The remove command only edits generated FEATHER-INIT blocks and removes generated Feather files it can identify. If you want to keep part of the setup:

feather remove path/to/my-game --keep-config
feather remove path/to/my-game --keep-runtime
feather remove path/to/my-game --keep-main

Tip

This is the recommended workflow for most projects because Feather can clean up after itself before production packaging.

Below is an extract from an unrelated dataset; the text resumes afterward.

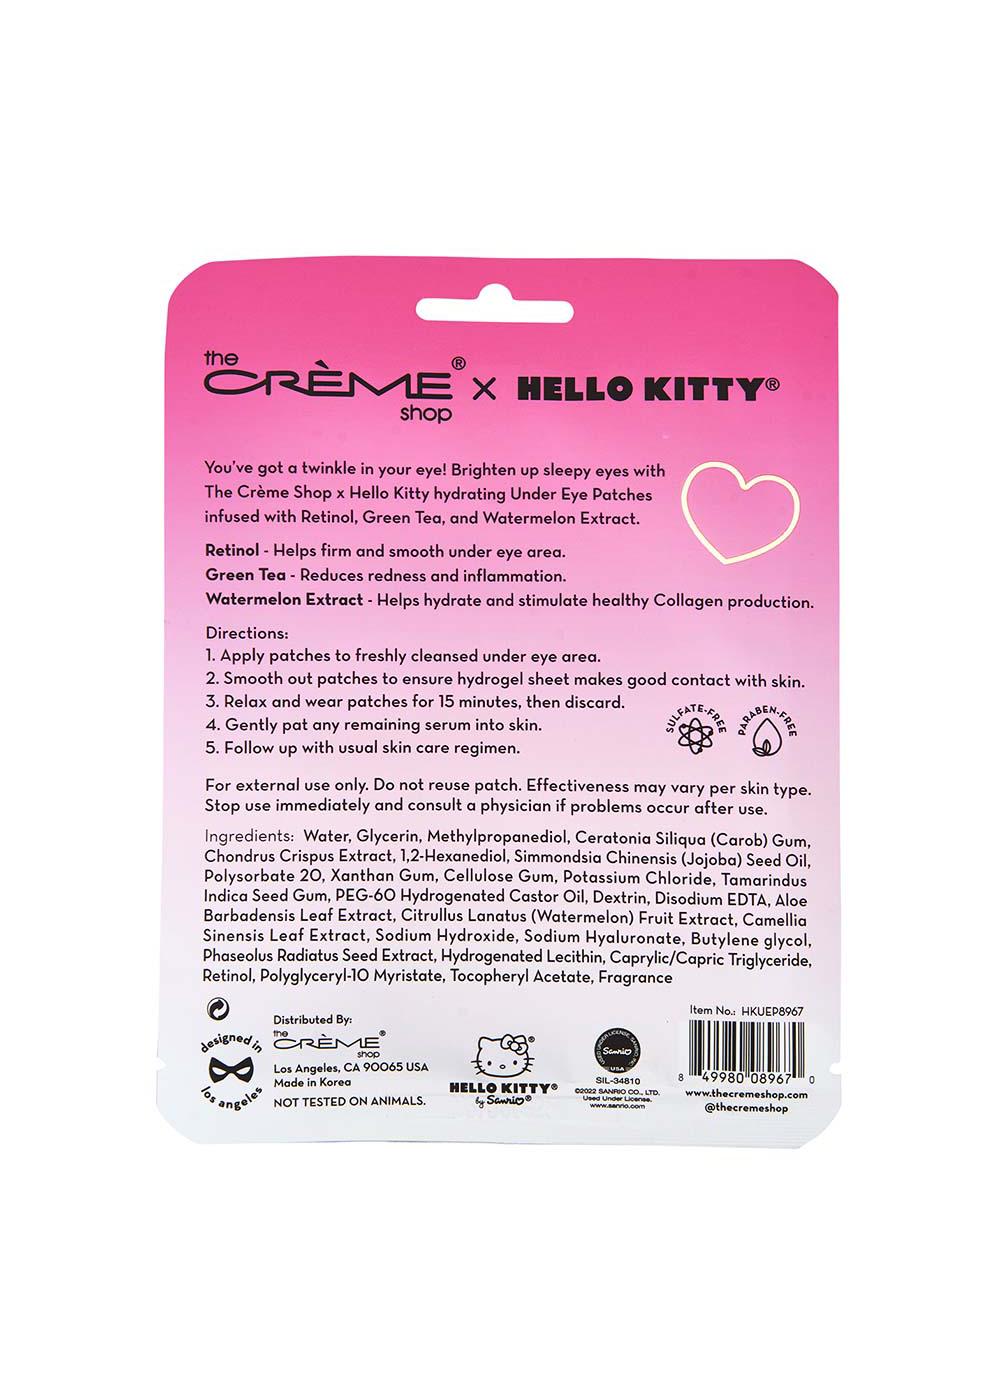 The Crème Shop X Hello Kitty Twinkle Eyes - Eye Patches; image 2 of 2

Advanced manual integration¶

Manual Lua integration is still available for unusual projects, but it is no longer the recommended path. If you wire Feather by hand, wrap the entire setup in a conditional so the library is never loaded in production:

if Config.IS_DEBUG then
  require("feather.auto").setup({ sessionName = "My Game" })
end

function love.update(dt)
  if DEBUGGER then DEBUGGER:update(dt) end
end

No Lua code runs and no globals are created in release builds.

Manual exclusion¶

If you manually vendored Feather, excluding it is a single glob:

Manual zip:

zip -r MyGame.love . \
  -x "*.git*" \
  -x "lib/feather/*"

makelove — add to makelove.toml:

[love_files]
exclude = ["feather/**"]

Important

No Feather code or assets are present in the release build. This also eliminates the Console plugin as an attack surface entirely.

If you used manual mode, also exclude or remove:

feather.debugger.lua
feather.config.lua

feather remove --yes handles these generated files automatically when they are present.

In-game Observability¶

OverlayStats by Oval-Tutu is a great companion for visualizing performance directly in the game window. Feather's performance plugin draws inspiration from it.